If the jaunty name alone doesn’t get you fitting your stand mixer with the whip attachment right this second, then surely the mere concept of something called Chocolate Tweed Angel Food Cake will get you on board. A heavenly, tender angel food cake taken to the next level with miniscule shards of unsweetened chocolate is sheer brilliance, I tell you. Although, to be totally honest, I didn’t get the use of unsweetened chocolate at first. Why not bitterweet?, I mused aloud, as nearly all my musings are lately, often with unnecessary animated hand gestures, because I spend all my days with a tiny person clinging to my jeans. At first, I was doubtful of this unsweetened chocolate thing. Reeeeaaalll doubtful.
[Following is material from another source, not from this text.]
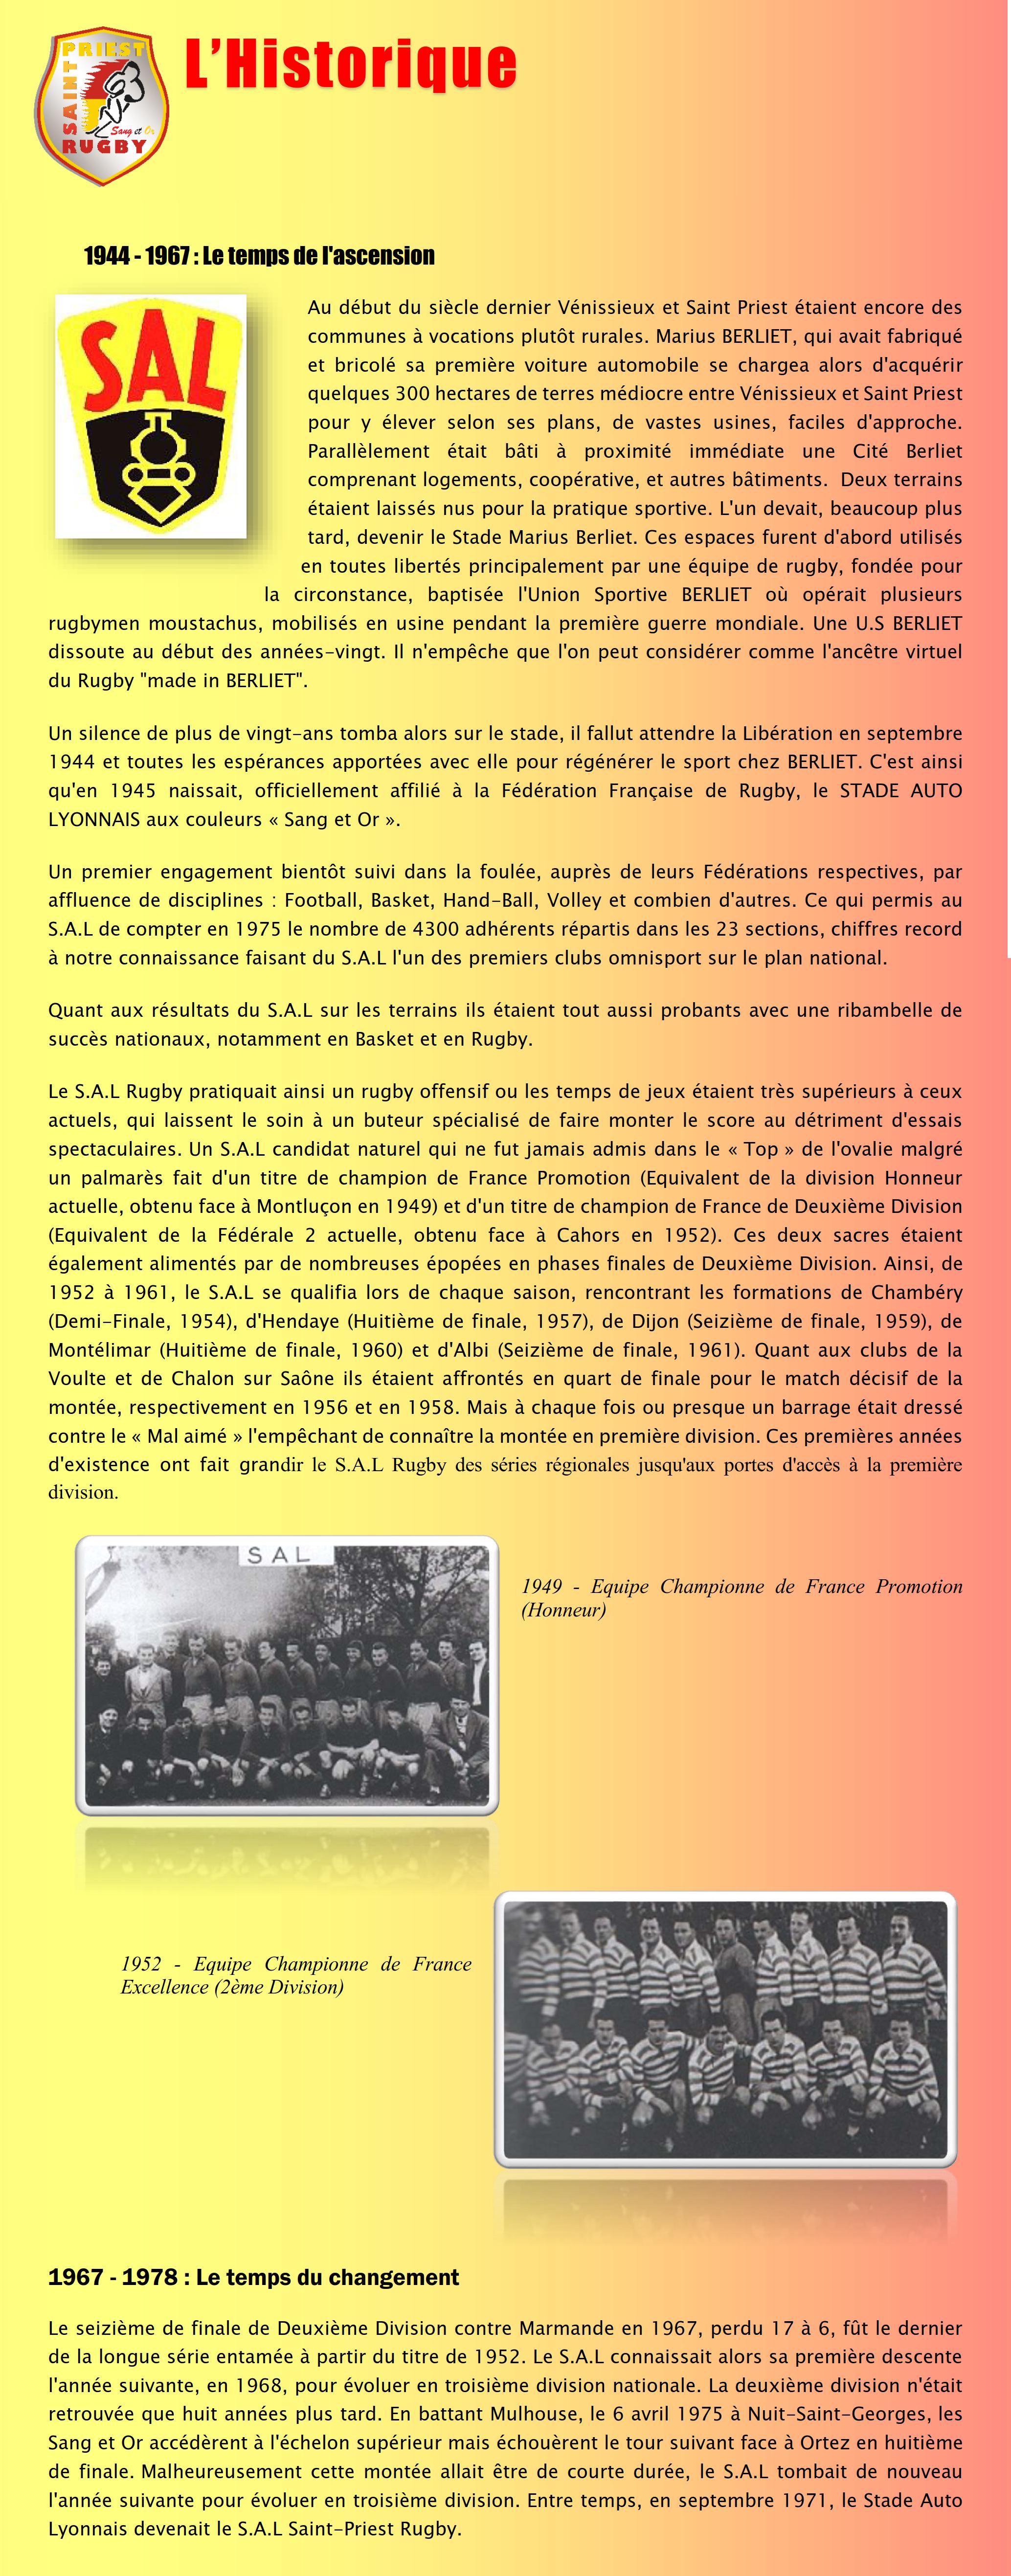 SPR - L'historique1.png

You should know that few things are etched in my memory like the time I was knee-high to a cricket and excitedly came across a huge bar of chocolate in a kitchen cabinet. I very quietly broke off a gigantic chunk of it before putting the rest back neatly in its place and creeping to the privacy of my bedroom to devour my find, only to discover that it tasted a whole lot like shoe polish or something equally as acrid and horrible. Coughing and choking and pawing the offending matter off my tongue with a Barbie dress, I thought surely it was a setup to deter young children like myself from stealing unauthorized chocolate. And that’s how I met unsweetened chocolate. So I was skeptical of this recipe. Would it be sort of awful or really awful or just plain weird? But I pressed on. I am quite the warrior these days, you know.

As it turns out, Rose Levy Berenbaum, she of all things genius in the baking world, was right. Again. Naturally. After tasting this cake, I slapped myself for ever doubting her. The unsweetened chocolate makes complete and total sense here. By nature, an angel food cake is a sweet, sweet thing, since it pretty much is just sugar, egg whites, air and a bit of cake flour. And an absolute thing of beauty. On a side note, I could make angel food cakes all day long and never tire of the etheral quality of the whole thing. The billowing meringue and gentle folding of the soft, weightless batter over itself in a quiet kitchen…sigh…it’s totally hypnotic. Om…..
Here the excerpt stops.